Patients with chronic obstructive pulmonary disease (COPD) often experience symptoms and problems with activities early in the morning. This is the first study to compare the effect of budesonide/formoterol and salmeterol/fluticasone on lung function, symptoms and activities early in the morning.


Lung function (peak expiratory flow [PEF] and forced expiratory volume in 1 second [FEV( 1)]) and symptoms were measured at bedside and activities were measured during the morning using a six-item questionnaire concerning basic morning routines. In a randomised, double-blind, multicentre, cross-over study, 442 patients with COPD aged >or=40 years (pre-bronchodilator FEV(1) <or=50%; FEV(1)/vital capacity <70%) received budesonide/formoterol (320/9 microg, one inhalation twice daily) dry powder inhaler (DPI) or salmeterol/fluticasone (50/500 microg, one inhalation twice daily) DPI daily, for 1 week each, separated by a 1- to 2-week washout. Lung function (PEF and FEV(1)) shortly after rising from bed in the morning, symptoms and basic morning activities were assessed by electronic diary (e-Diary) recordings.
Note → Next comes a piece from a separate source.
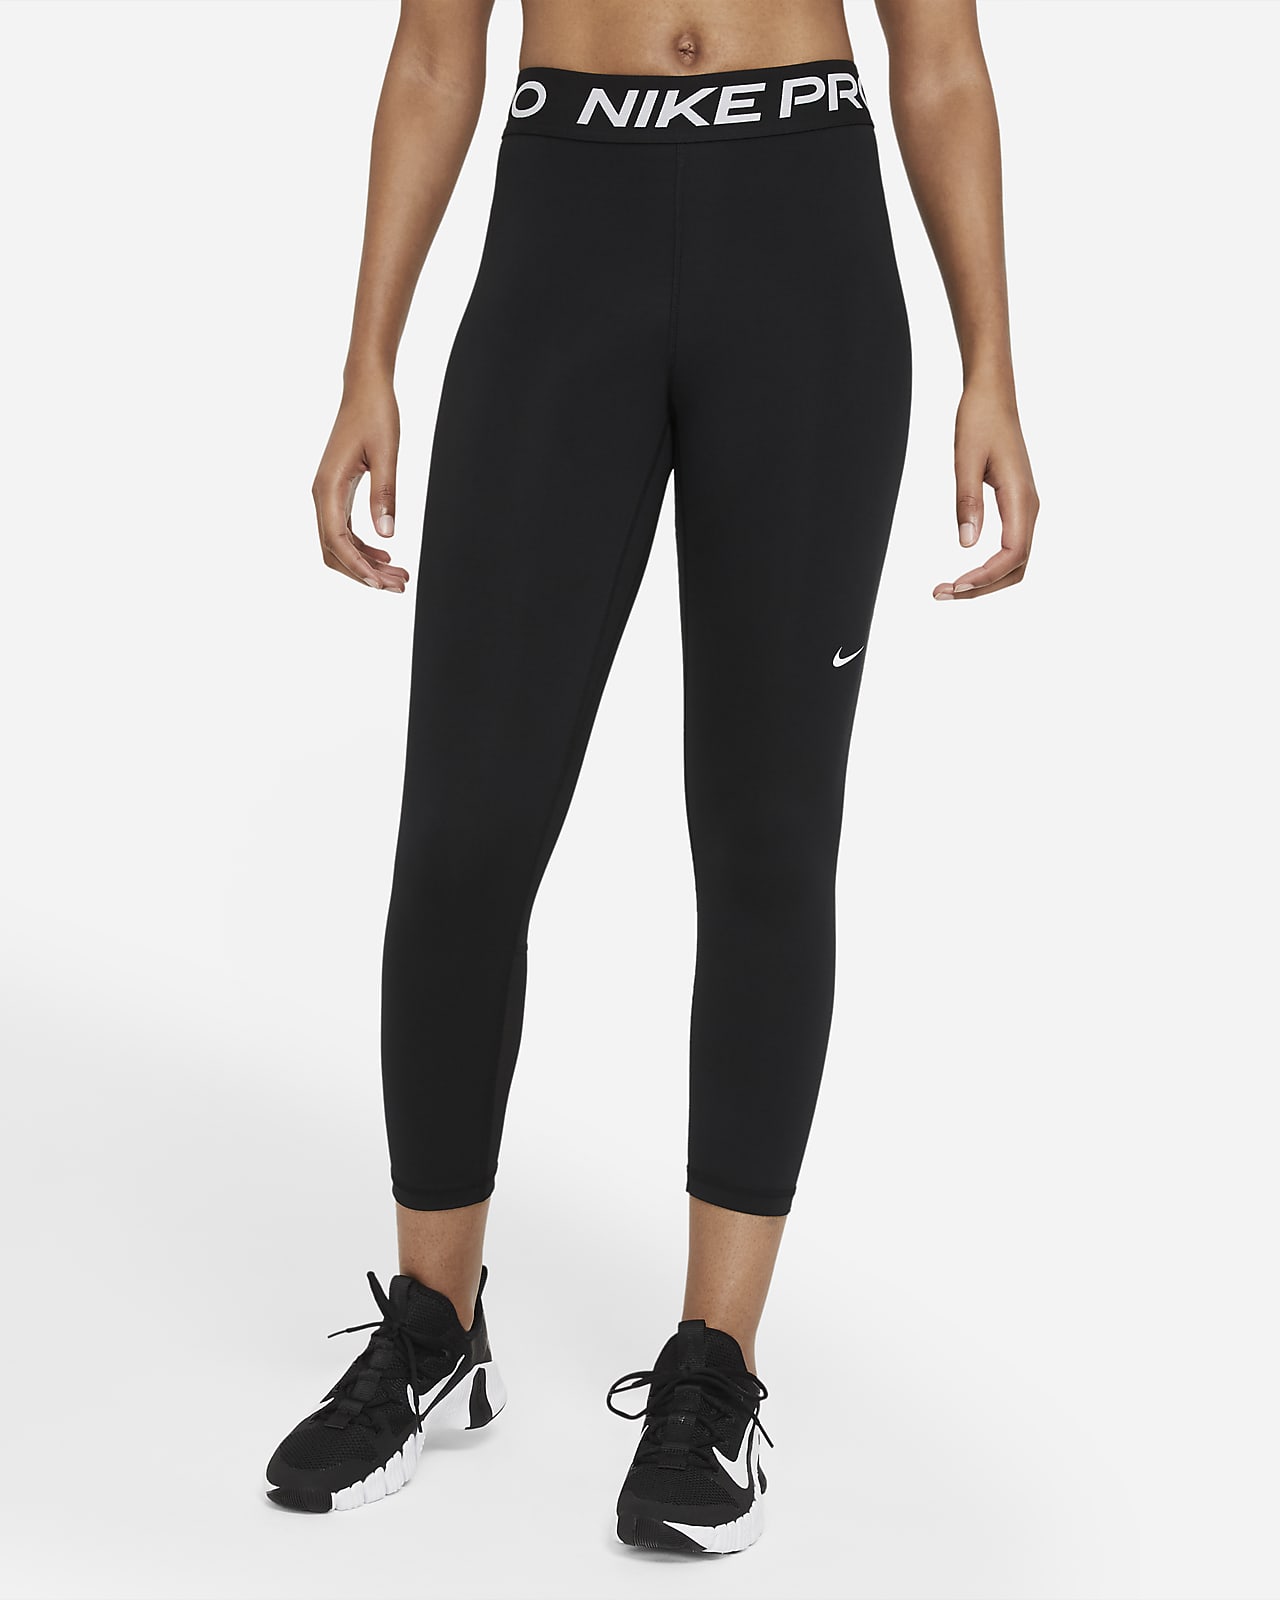 timmerman Elektropositief Ga wandelen Nike Pro 365 Women's Mid-Rise Crop Leggings. Nike JP

Budesonide/formoterol and salmeterol/fluticasone treatment increased morning PEF 5 minutes post-dose, measured as a mean improvement from baseline over the full study period (primary endpoint; adjusted mean change: 15.1 l/min and 14.2 l/min, respectively [difference 1.0 l/min; p = 0.603]). Mean morning FEV(1) improved more following budesonide/ formoterol treatment versus salmeterol/fluticasone at 5 minutes (0.12 l versus 0.09 l; p = 0.090) and 15 minutes (0.14 l versus 0.10 l; p < 0.05) post-dose. Budesonide/formoterol demonstrated a more rapid onset of effect as reflected by increases in e-Diary-recorded PEF and FEV( 1) from pre-dose to 5 and 15 minutes post-dose (all p < 0.001) and spirometry at the clinic measured after the first dose (FEV(1) p < 0.001; 5 minutes post-dose). Improvements in symptom scores within 15 minutes after drug administration were similar for both drugs, but budesonide/formoterol treatment resulted in significantly greater improvements in total morning activities score (getting washed, dried, dressed, eating breakfast and walking around the home; 0.22 versus 0.12 respectively, p < 0.05). Both treatments were well tolerated.


Short-term treatment with budesonide/formoterol DPI or salmeterol/fluticasone DPI was effective in patients with COPD. Budesonide/formoterol had a more rapid onset of effect compared with salmeterol/fluticasone and resulted in greater improvements in ability to perform morning activities despite the lower inhaled corticosteroid dose.